Le cœur d'Hong Xiaoduo fit un bond : « Ce matin. Comment est-il ? Il est joli ? » Elle voulait confirmer si les enfants ne pouvaient vraiment pas voir le contenu affiché dessus.
Plusieurs enfants dirent qu'il était joli. Les plus grands étaient curieux ; ils ne l'avaient pas vu le porter avant. Venait-elle de l'acheter ? Ou l'avait-elle gardé sur elle sans le porter ? Ou peut-être quelqu'un le lui avait-il donné ?
« Mère, tu es blessée ! Ça fait mal ? » Yao Guang, en jouant avec le bracelet, découvrit le sang au bout du doigt d'Hong Xiaoduo et demanda immédiatement, nerveuse.
Hong Xiaoduo leva la main et regarda, puis se souvint qu'elle avait oublié de le bander : « Ce n'est pas vraiment une blessure ; quelque chose m'a piquée, je suppose. »
Yu Heng trouva vite un morceau de tissu de coton propre dans son sac et le lui banda soigneusement.
Voyant les expressions inquiètes et attentionnées des enfants, le cœur d'Hong Xiaoduo se réchauffa.
Tian Quan cherchait encore minutieusement sur le tabouret, se demandant s'il n'y aurait pas une écharde de bois.
« Tian Shu, nous ne pouvons pas traîner sur la route ces deux jours ; nous devons atteindre le bourg de Guanggu le plus vite possible. » dit Hong Xiaoduo à l'enfant qui menait la charrette.
Tian Shu ne comprit pas pourquoi elle voulait soudain presser le pas, mais retint sa question, pensant qu'elle devait avoir ses raisons de le dire.
En fait, Hong Xiaoduo avait regardé le dernier affichage de sa montre-bracelet high-tech : il pleuvrait abondamment dans trois jours.
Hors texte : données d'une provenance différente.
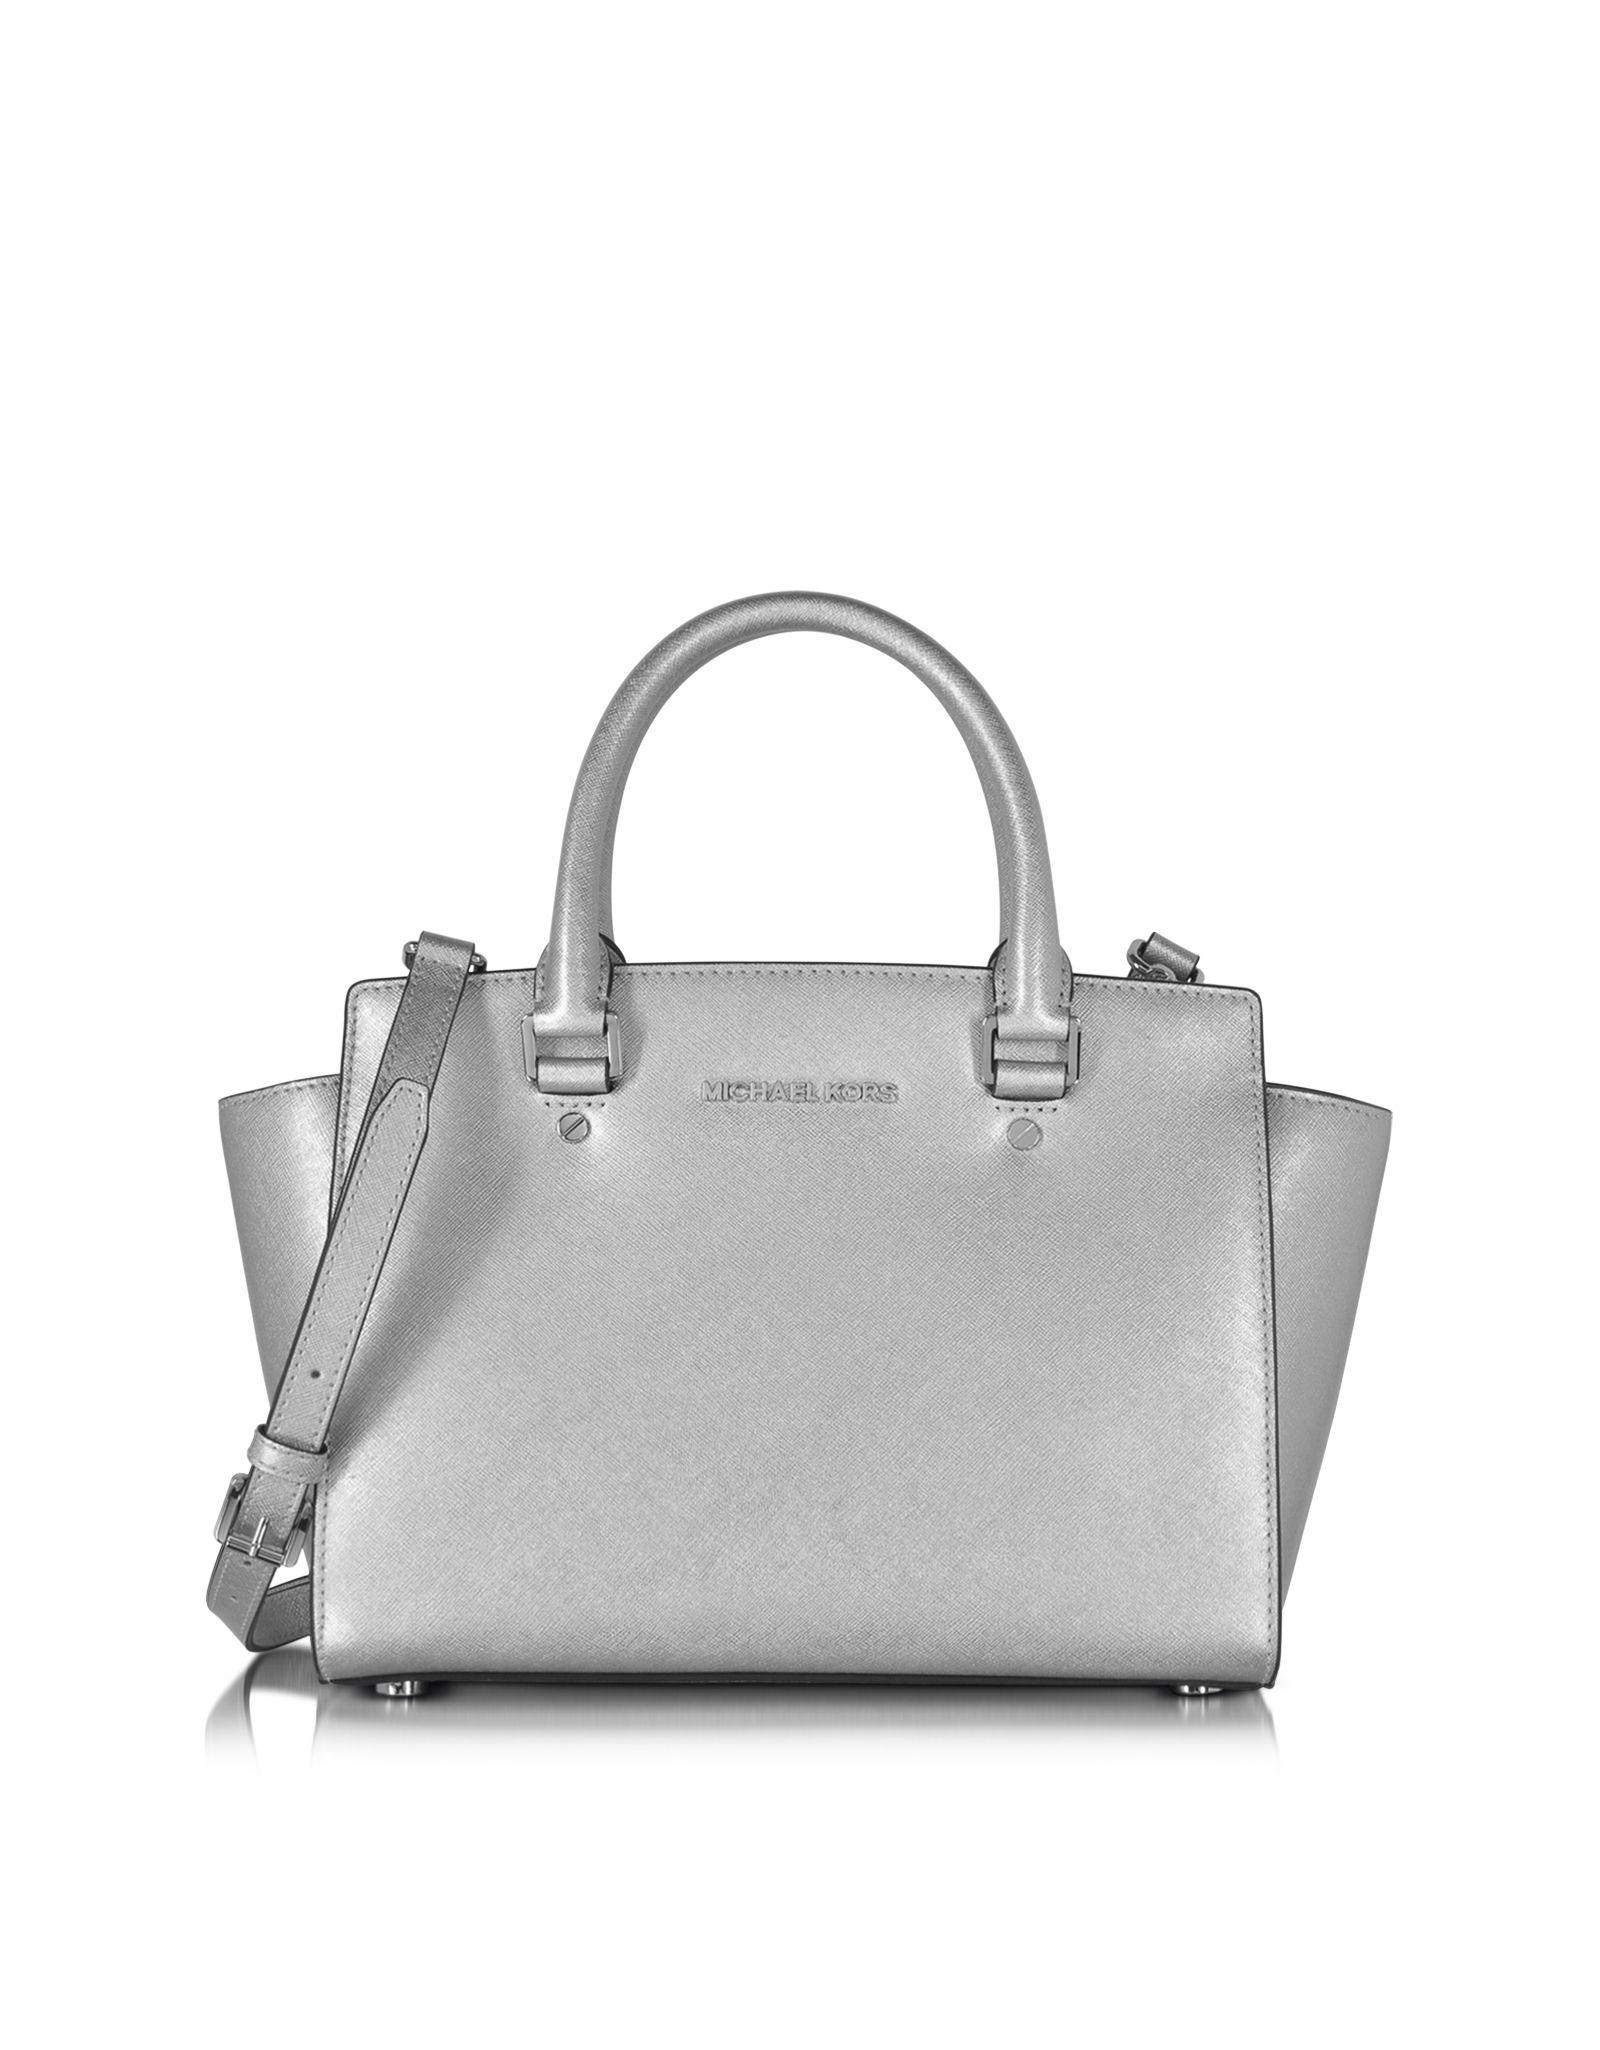 Michael Kors Selma Saffiano Leather Medium Satchel Bag In Silver

L'hiver allait arriver, et elle ne voulait pas voyager avec les enfants sous la pluie. Atteindre cette ville, trouver une auberge pour loger, et attendre que le temps s'améliore avant de continuer ne serait pas une mauvaise idée.
Avec cette bonne chose à son poignet, les enfants souffriraient moins sur la route. La charrette allait bien, mais principalement Tian Shu, qui la conduisait, avait acheté une cape de pluie pour se protéger, mais il n'y avait vraiment pas besoin de voyager sous la pluie.
Le lendemain midi, le Bureau d'Escorte rattrapa effectivement…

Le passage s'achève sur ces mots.